Intendant Karl Regensburger sitzt in seinem Büro
Karl Regensburger ist Impulstanz-Intendant. Das Festival feiert dieses Jahr 40. Jubiläum.
Impulstanz

Wir sind als reines Workshop-Festival gestartet und wurden anfangs von manchen Mitbewerbern belächelt. Doch wir konnten große Namen der Tanzszene gewinnen und entwickelten uns ständig weiter. Ich glaube, Impulstanz hat nichts an seinem subversiven Charakter verloren. Es hat sich bloß unsere Palette erweitert – oft um große Companies wie das Ballett der Pariser Oper oder das Tanztheater Wuppertal Pina Bausch. Das sind die Programmpunkte, die oft auch ein eher traditionell eingestelltes Publikum ansprechen. Aber wir möchten diese hohe Kunst im Tanzbereich vor allem der jungen Generation näherbringen. Wir wollen zeigen, dass kommerziell erfolgreiche Stücke nicht zwangsweise konventionell sein müssen. Manche Menschen in der Tanzcommunity haben Vorbehalte gegenüber Choreografen und Choreografinnen, ohne jemals ein Stück von ihnen gesehen zu haben.

Empörung und Konflikte

Letztes Jahr eröffneten wir das Festival mit "Vollmond" von Pina Bausch. Jeder, der die deutsche Choreografin kannte, weiß, dass sie traditionelle Geschlechterrollenbilder überhöhte und damit persiflierte. Doch ich bin mir sicher, dass einige Studierende in Nordamerika über ihre Stücke heute nur den Kopf schütteln und sie als antifeministisch verstehen würden. Aber gut, die sind sowieso in einer ideologischen Einbahnstraße.

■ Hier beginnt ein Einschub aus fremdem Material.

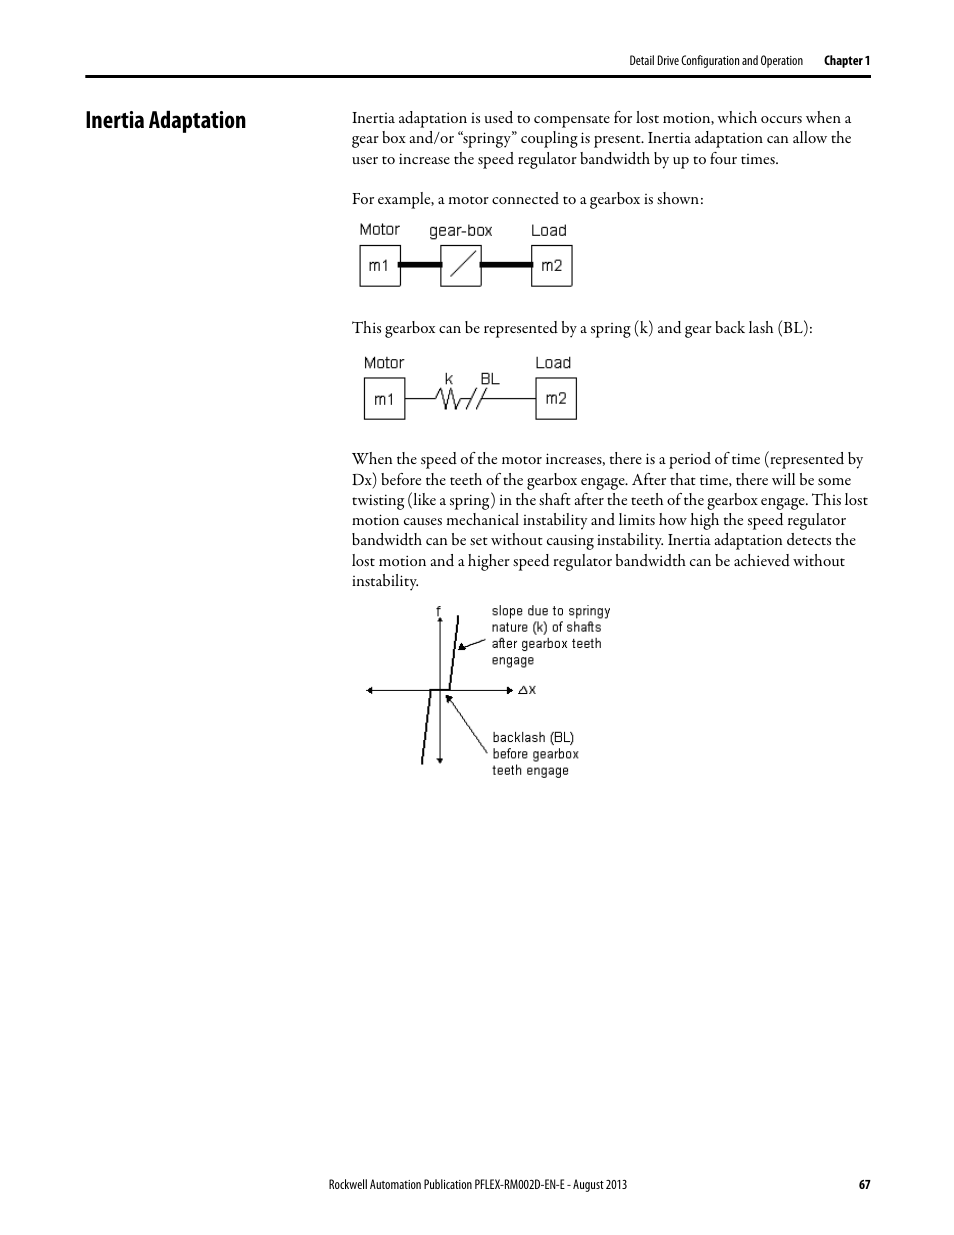 Inertia adaptation | Rockwell Automation 20D PowerFlex 700S with Phase I Control Reference Manual User Manual | Page 67 / 190

Vor ein paar Jahren war eine Art Karaoke-Veranstaltung Teil unseres Programms. Anstatt Lieder konnten die Teilnehmer und Teilnehmerinnen Reden, die sie besonders inspirierend fanden, vortragen. Eine blonde junge Frau aus der Schweiz hatte Martin Luther Kings "I Have a Dream" ausgewählt. Die Veranstaltung musste abgebrochen werden, weil die Empörung eines Teils des Publikums so groß war – eine weiße Person dürfe sich die Rede nicht aneignen, lautete der Vorwurf.

Karl Regensburger vor einem Impulstanz-Plakat
Vom 6. 7. bis 6. 8. gibt es bei Impulstanz Performances, Workshops und vieles mehr.
Impulstanz

Auch innerhalb unserer Community kommt es gelegentlich zu Konflikten, in denen sich die geopolitische Lage widerspiegelt: Palästinenser gegen Israelis oder Ukrainer gegen Russen, zum Beispiel. Aber wir verstehen das Festival als ein Zusammenkommen und Kennenlernen. Das kann auch sehr versöhnend sein, wenn man mit Menschen aus anderen Teilen der Welt spricht und von deren Problemen und Themen erfährt.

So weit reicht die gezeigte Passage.